Peter: I had been coming back to Burlington for 15 years since we have family here. My wife was born in Burlington – her family has lived in Vermont for at least seven generations – so this was the place we wanted to come back to. But when we returned, I didn’t want to work out of my house, which is what I did during the pandemic. I needed to be around people. I needed to connect. VCET is exactly the right size. It’s a place where you can work with people who could become your friends.
Blaise: What’s been one highlight of your time with VCET?
Peter: VCET represents the absolute best of the Vermont entrepreneur community. Just the absolute best. Everybody is generous with their time. They’re generous with their attention and praise. They genuinely believe that each other can make a difference. It is just such a perfect Vermont ecosystem. When people say ‘VCET family’, I mean, we’re not actually a family, but boy it feels that way in a good way.
Blaise: How else do you stay busy, Peter? What do you do in your free time?
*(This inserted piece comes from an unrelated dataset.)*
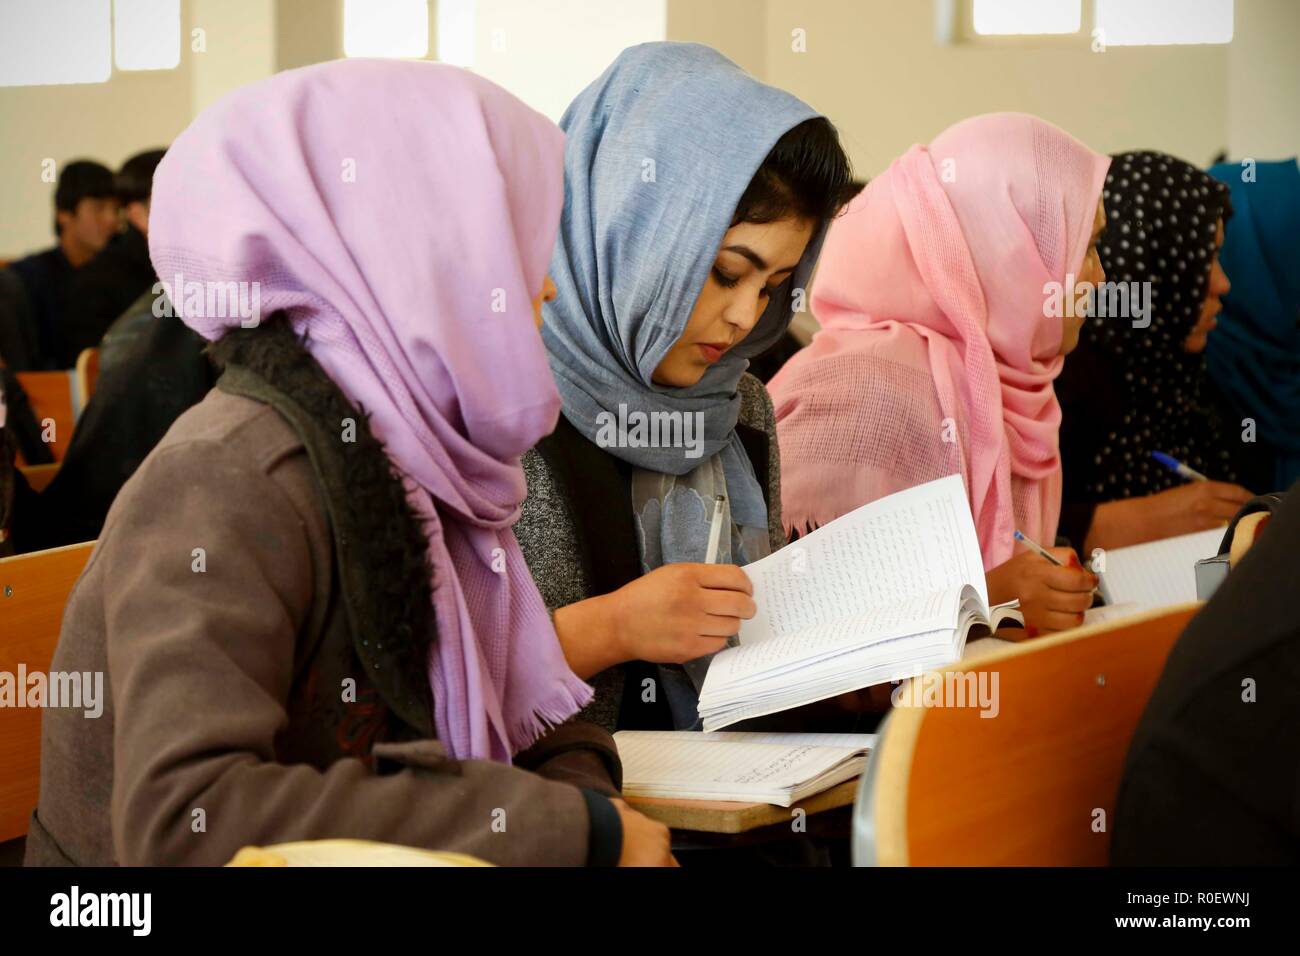 Bamiyan, Afghanistan. 4th Nov, 2018. University students attend a class at Bamiyan University in Bamiyan province, central Afghanistan, Nov. 4, 2018. Established around two decades ago, but shut down by the Taliban outfit in 1997, after the armed outfit overran Bamiyan province, Bamiyan University was reopened in 2003 and since then has been serving as the main higher educational center in the highland region of Afghanistan. TO GO WITH Feature: More girls enroll in university in Afghanistan's Bamiyan province, post-grad job situation remains tight Credit: Noor Azizi/Xinhua/Alamy Live News Stock Photo

Peter: In terms of hobbies, there are probably three. I have a garden plot up at Rock Point North Community Garden, so I spend a lot of time there, fighting weeds and losing most of the time. I play a lot of pickleball; this summer, I’ve not played as much. I also do a lot of tabletop gaming – board games, and role-playing games. And then my new hobby…is building my own teardrop trailer.
Blaise: Is there anything else that I should know for this profile?
Peter: When people talk about the work that I do, it’s important to understand that consulting and coaching run on parallel tracks to each other, but they are really very different things. I’m constantly asking people ‘do you want to talk to consultant Peter? Or do you want to coach Peter?’ That informs the way I approach stuff, like talking to you today or connecting with clients, trying to find out what they need, before I start offering solutions.
This interview has been lightly edited for brevity and clarity.